IV-C2 Bottleneck Resources

Although our algorithms lead to similar simulation accuracy, they actually compute quite different calibrations. Table IV shows calibrated parameter values computed by all calibration methods for platform SCSN. We observe that all methods compute very similar values for the disk bandwidth parameter (between 16 and 17 MBps). However, for some of the other parameters, the computed values can be wildly different. For instance, the values for the WAN bandwidth range from 0.27 Gbps to 57 Gbps, while the actual value is likely around 1Gbps. The reason is that the performance of the workload whose execution is simulated is driven by a single bottleneck resource. Parameter values pertaining to other resources thus have little impact on the simulated execution. In SCSN, the bottleneck for our ground-truth workload is the disk because the Linux page cache is disabled. The same observation can be made for the other three platforms, where all algorithms compute almost the same parameter value for the relevant bottleneck. Note that the Human calibrations (for each platform) have values that are likely more accurate for non-bottleneck resource parameters due to the incremental manual calibration approach described in Section IV-B, which benefits from specific knowledge that the domain scientist has regarding platform configurations.

The problem with the above is that the computed calibrations are not generalizable to all application workloads. That is, the calibrated simulator is valid only to simulate the execution of workloads that would experience the same performance bottleneck as the ground-truth workload. Specifically, our calibrated simulator (using any of our algorithms), is only valid for simulating the execution of workloads with the same ratio of compute to data volumes as the ground-truth workload. For these workloads, the simulator is useful as it produces valid results for simulating configurations with more or fewer jobs, with more of fewer compute nodes and/or cores, and with different ICD values.

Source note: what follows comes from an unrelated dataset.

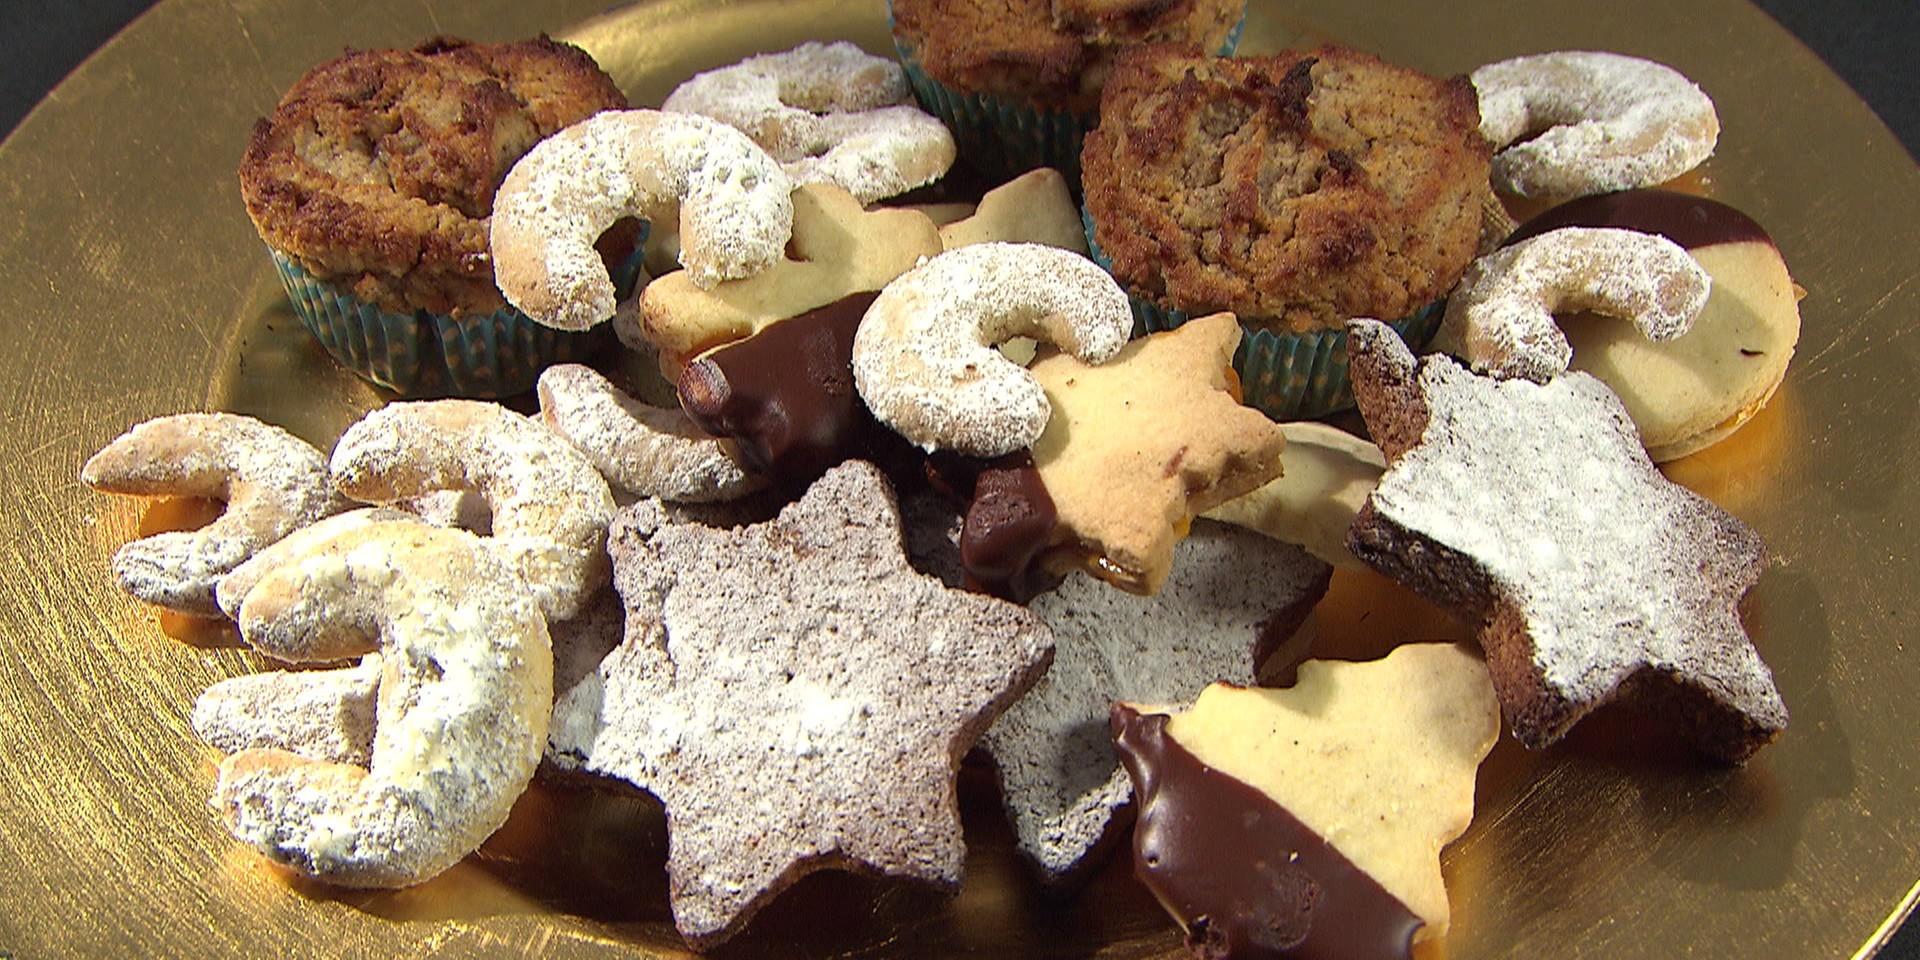 Weihnachtskekse Diabetiker.Tolerante Kekse Weihnachtsgebäck Trotz Unverträglichkeit

There are two solutions, which can be combined, for making calibrations generalizable to workloads with a range of ratios of compute to data volumes. The first solution would be the use of more ground-truth data obtained from the execution of workloads with different enough such ratios that they experience different bottlenecks when executed on the same platform. In this case study, however, the domain scientist collected ground-truth data for only one workload. The reasons are: (i) producing a calibrated simulator for this workload only is still useful, as explained above; and (ii) collecting ground-truth data is labor-, time, and energy-consuming. To allow for a fair comparison between the Human calibration and our automated calibration approach, our calibration algorithms use that same ground-truth data. The second solution would entail defining and using a simulation accuracy metric whose value is not solely driven by parameter values that pertain to the bottleneck resource. The metric used in this case study (defined in Section IV-B) is an aggregate metric that does not capture the temporal structure of the workload’s execution, but only takes into account average job execution times. As a result, the durations of activities (computations, I/O operations, network communications) that do not execute on the bottleneck resources (but execute concurrently with activities that do execute on these resources) have no impact on simulation accuracy. A metric that captures the duration of these activities would instead force the calibration algorithms to calibrate more than just the parameters that pertain to bottleneck resources. Such a metric could include, for instance, a measure of the discrepancy between the start and/or end times of all data transfers, I/O operations, and computations.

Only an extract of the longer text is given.